What is the Impact of the Spare Room Deduction Case on Local Authorities?

05-12-2016

By Sheldon Wood, Benefits and Revenues Advisor, CIPFA

Should authorities review their Discretionary Housing Payments (DHP) decision-making processes and budgets to ensure they identify those cases with similar situations?

The Supreme Court’s ruling on the spare room deduction case, which it heard at the end of February 2016, was published on 9 November 2016. Many commentators have awaited this ruling with interest, in expectation that it may provide a definitive ruling on the legality, or otherwise, of the bedroom tax legislation as a whole.

In fact, the Court took a narrow approach in only considering the small number of situations raised by the specific appeals before it, in the application of the bedroom tax, and did not address the wider legality of the policy.

Effect of the ruling

This ruling adds two additional exemptions to the list of exemptions to the bedroom tax:
  • Existing rule – those who need an extra room where a disabled child cannot reasonably be expected to share a bedroom.
  • New rule  - those who need an extra room where a partner cannot be expected to share a bedroom for a clearly identified medical need.
  • Existing rule – those who need an extra room for an overnight carer of an adult.
  • New rule – those who need an extra room for an overnight carer of a child, where there is a clearly identifiable medical reason.
The ruling also confirmed that there are three linked tests that can be applied in order to determine an exemption from the bedroom tax:
  • The discrimination caused should be manifestly without reasonable justification.
  • The situations involved should be easy to identify, not liable to lead to abuse of the scheme, unlikely to undergo change and not in need of regular monitoring.
  • There is a transparent medical need for an additional bedroom.

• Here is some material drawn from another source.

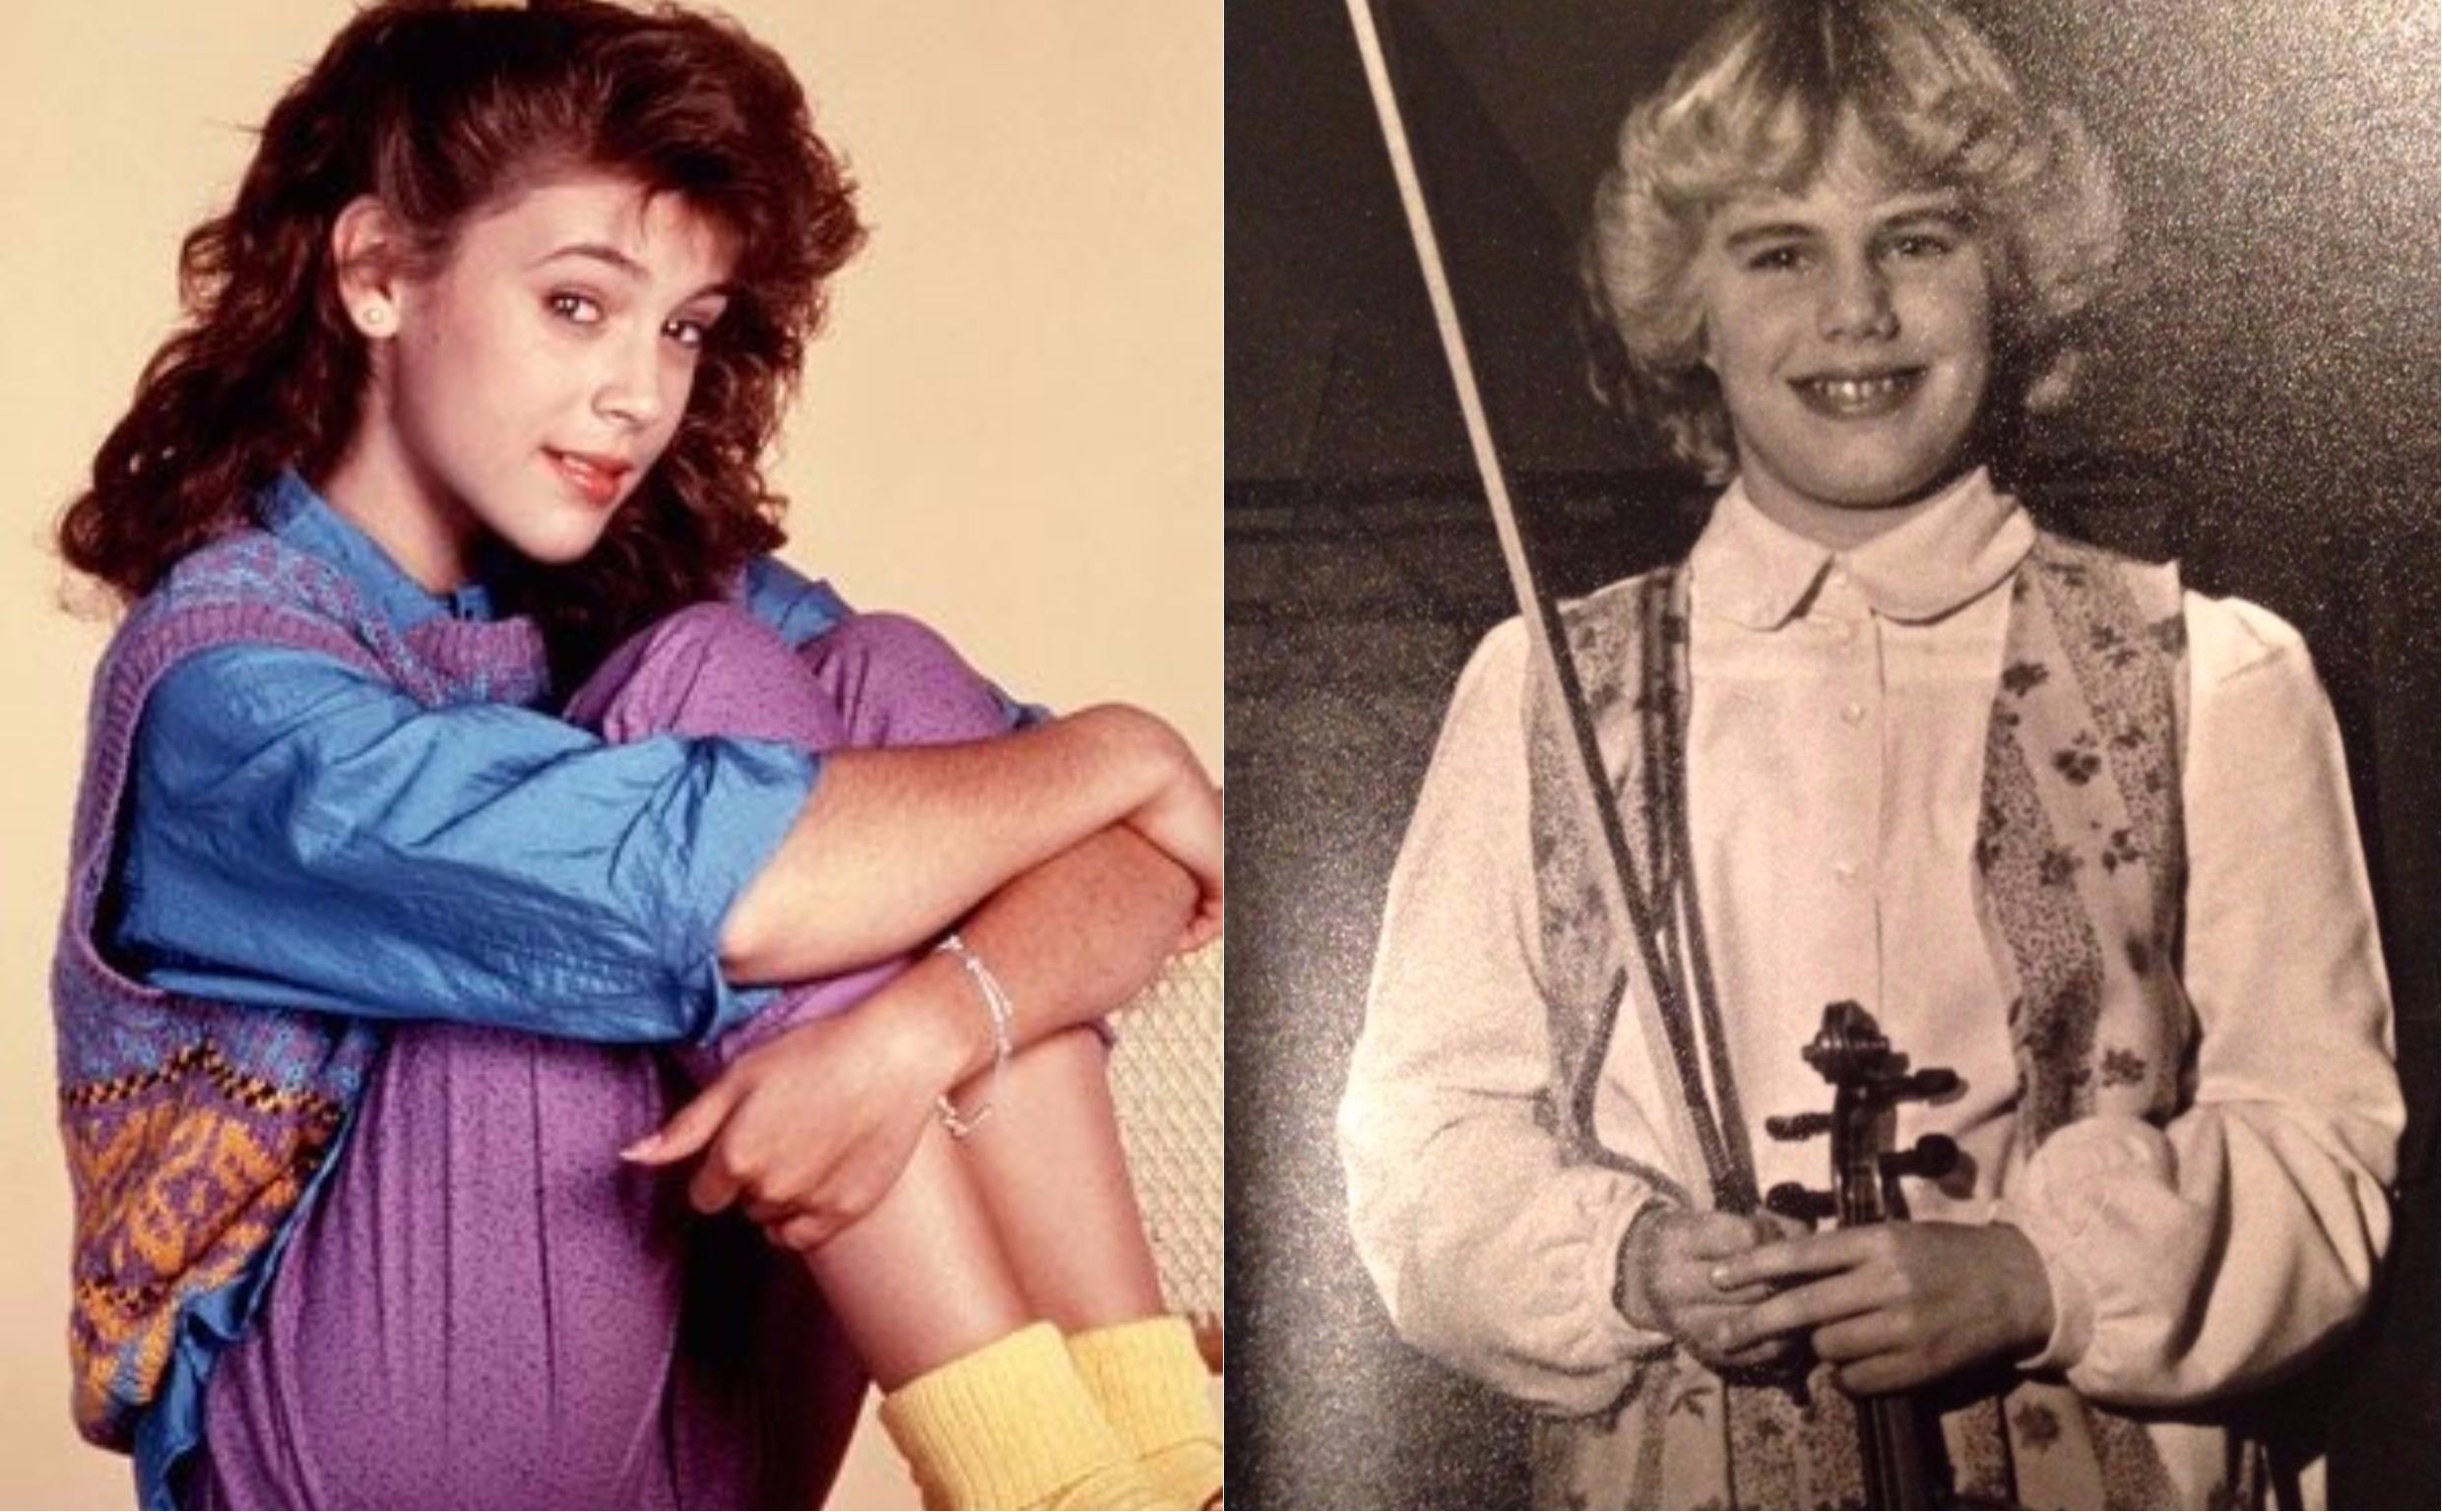 Singer Alyssa Milano and journalist Gretchen Carlson posted their photos using #MeAt14
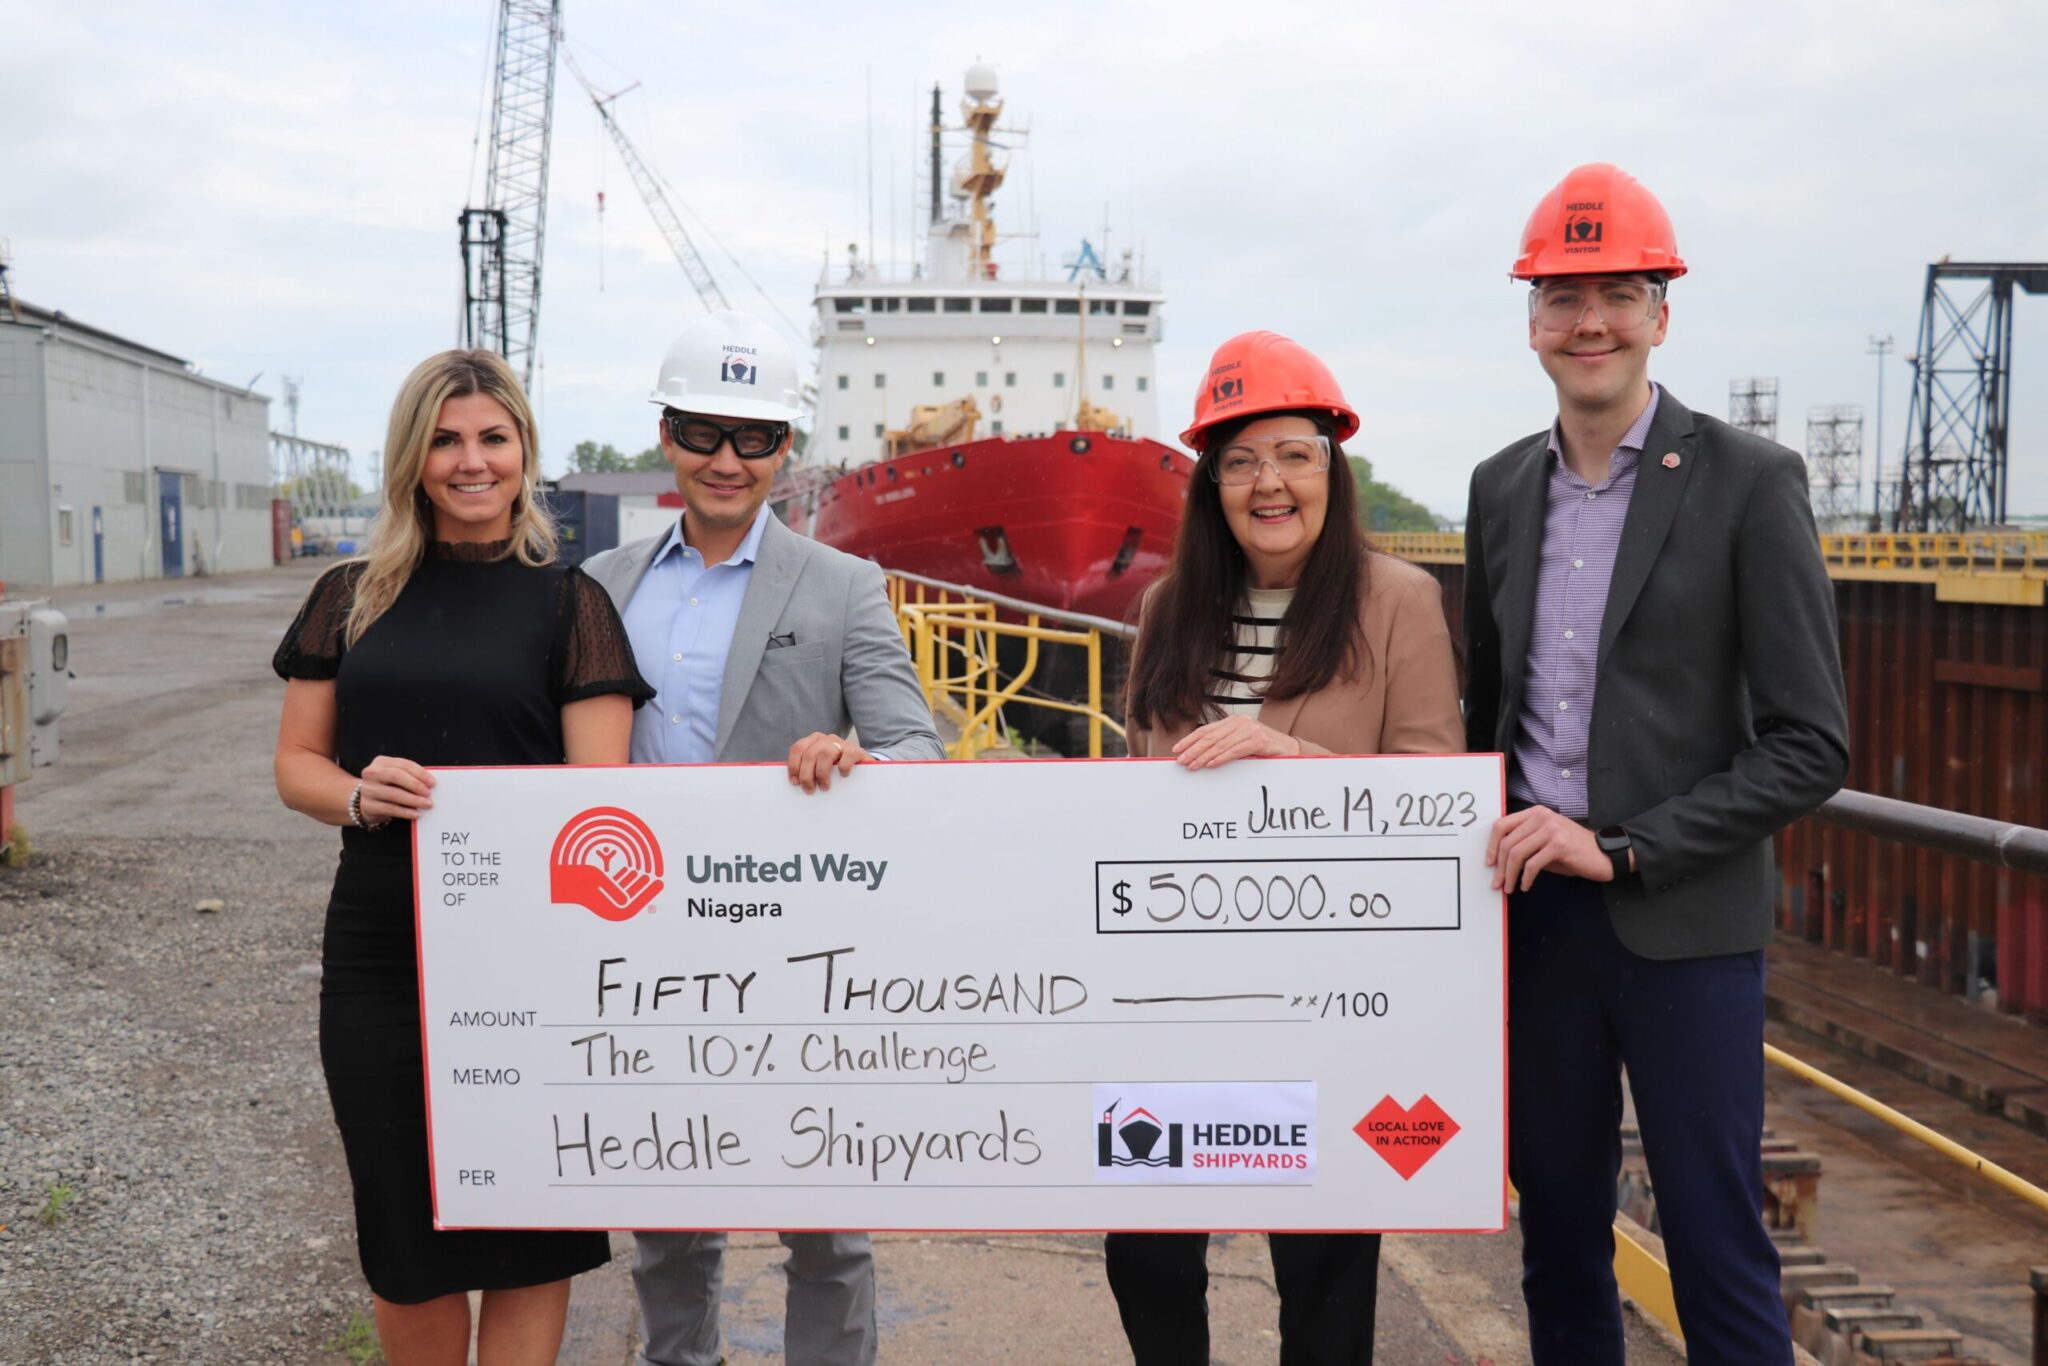 Dawn Thorp, Heddle Shipyards Public Relations & Communications Manager (L) and Shaun Padulo, Heddle Shipyards President & CEO present a $50,000 cheque to United Way's Frances Hallworth, CEO and Kevin Jong, Director of Development and Communications in support of the The Heddle Shipyards 10% Challenge.

Actions for local authorities

The Depart of Work and Pensions (DWP) provided guidance to local authorities saying that the rulings did not strike down the regulations and that authorities should continue to follow them and need take no action until the DWP has considered the ruling and taken the necessary steps.

Such consideration will almost certainly involve making amendments to regulation B13 of the housing benefit regulations.

However, although the court did not strike down the regulations, it did give a ruling which now must be considered law. Authorities should therefore consider their approach to the treatment of new claims in such circumstances. They may also decide to trawl through existing claims to identify any with similar circumstances which may need to be reviewed. Authorities may wish to work with social landlords to identify potential such cases.

Authorities will need to decide whether to review such cases in light of the Supreme Court’s ruling or to ‘stay’ any review, pending the DWP introducing new regulations. Authorities should review their DHP decision-making processes and budgets to ensure they identify those cases with similar situations to those which the Supreme Court ruled should be considered for the award of a DHP to mitigate any discriminatory effects of the bedroom tax regulations.